There is a new shopkeeper in my village. He is friendly towards me, but, in conversation, one of us lacks the ability to create a safe meeting place in which we can just, well 'meet'. 

I listen to LBC, a no music, phone-in radio station. The presenters, not dissimilar to the late James Whale in disposition and perspicacity, amaze me with how they respond to callers when they are asked by each of the callers, 'How are you?'. 

       'Yes, fine.' They NEVER ask the caller how they are, because it is a waste of time. If I was the radio presenter I would have to say, 'What is it you want to say?' and ignore their automated greeting that lacks substance. Asking how someone is, in person, is not an amuse bouche, it is a quick wag of a dog's tail. The tail wag is certainly absent when the caller starts with, 'I blame you people in the media' type comments. So, I suppose it has some value.

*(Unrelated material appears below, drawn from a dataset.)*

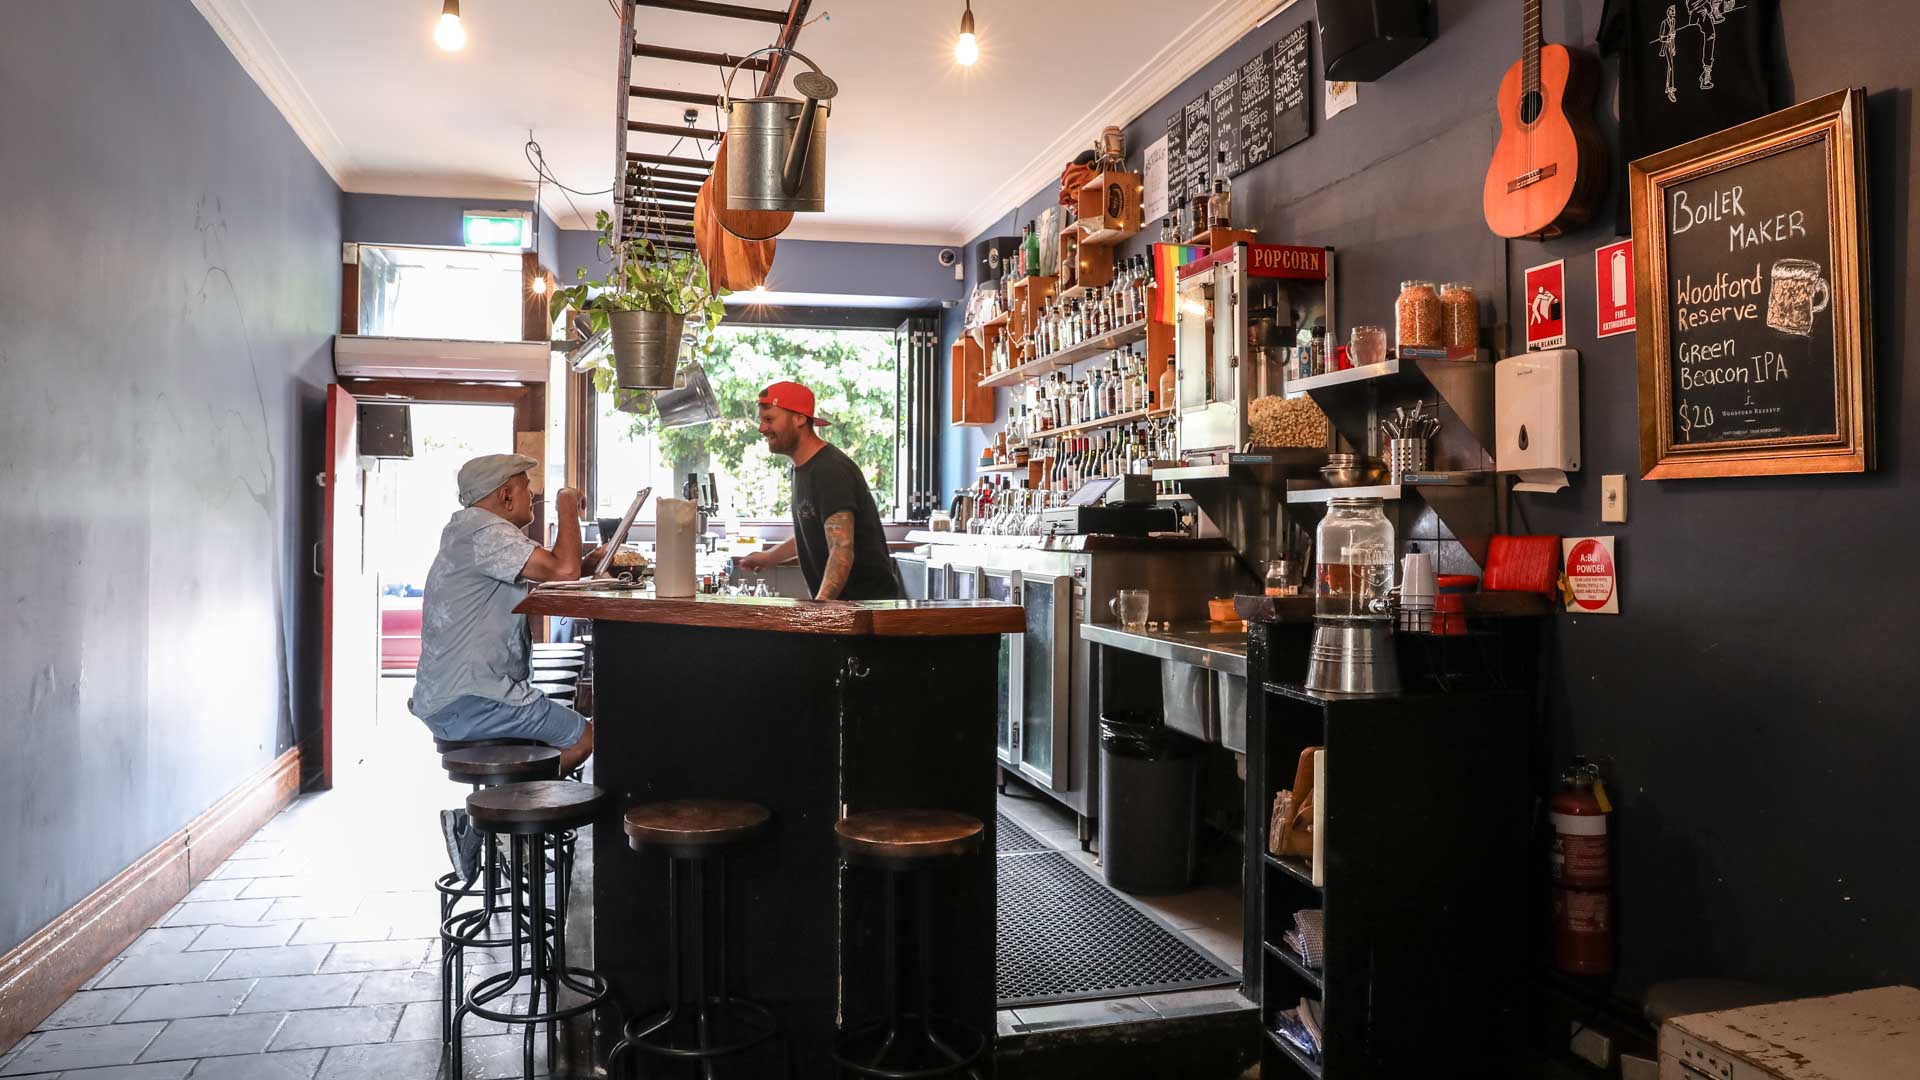 Our Sydney: Here Are Our Readers' Favourite Spots to Visit in Glebe, Ultimo and Pyrmont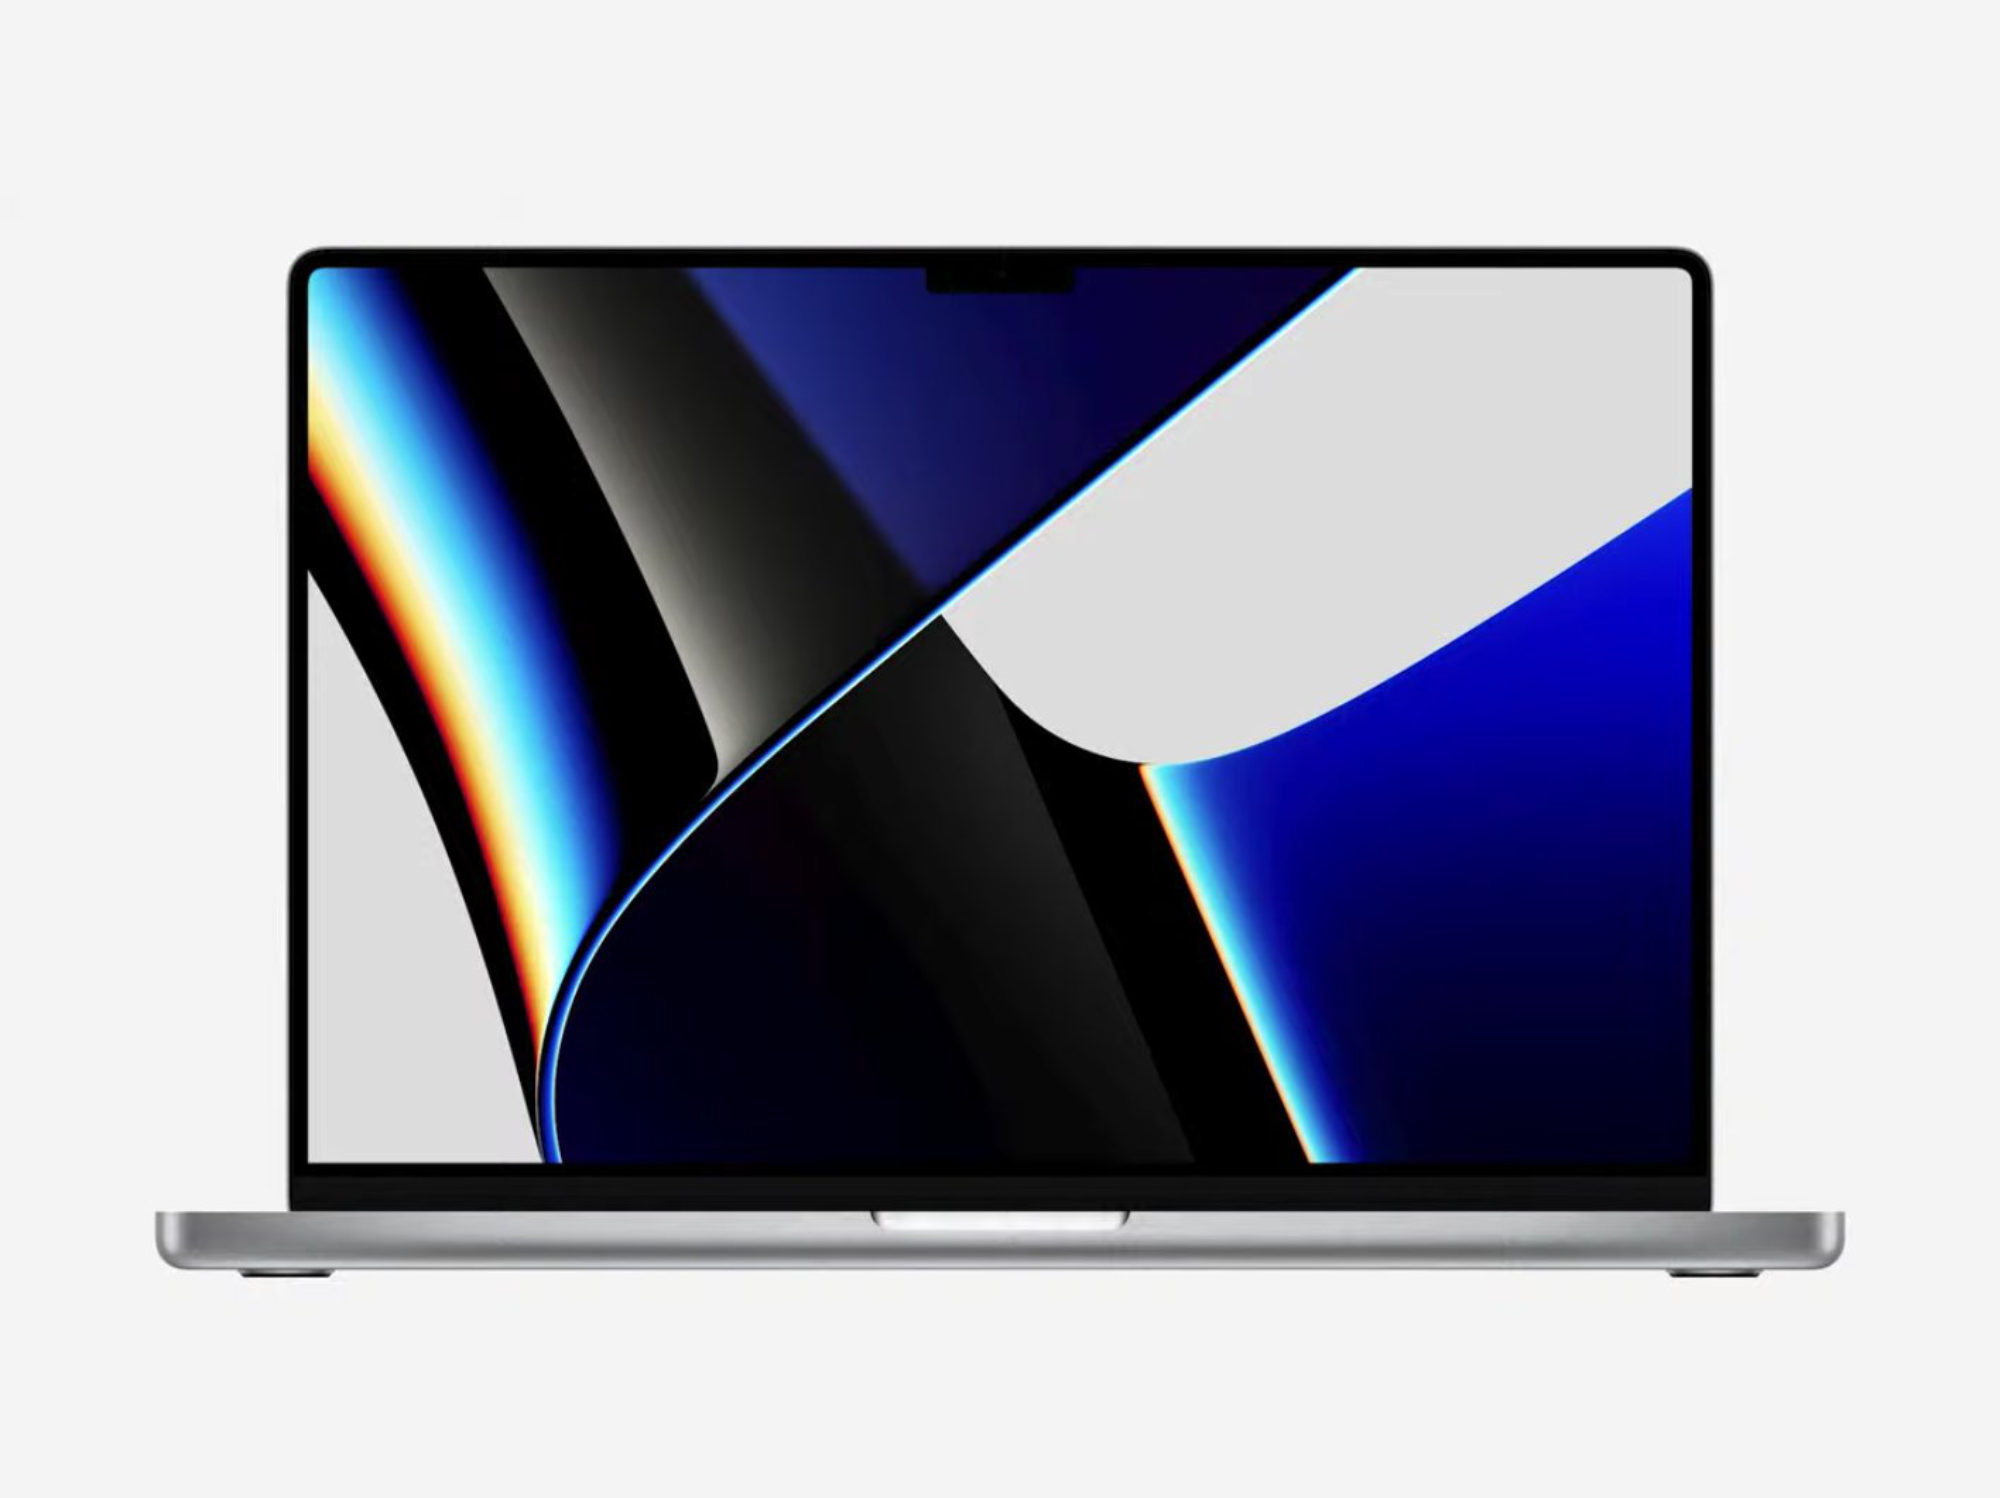 Get the new 2021 Apple MacBook Pro Wallpapers right here

On Sunday, I was bored, and having recently made a blackberry and tomato tart, and finding it delicious, I felt like making another sweet, baked thing; another tart. I went to the shop to buy butter and a tin of fruit or pie filling that I could use with more blackberries from my garden. I am also not someone who just buys items from a recipe and follows it; I can cook, and I can taste in my head, so I make up dishes according to my experience of flavours. 

       'What is WoodApple?' I asked the shopkeeper. 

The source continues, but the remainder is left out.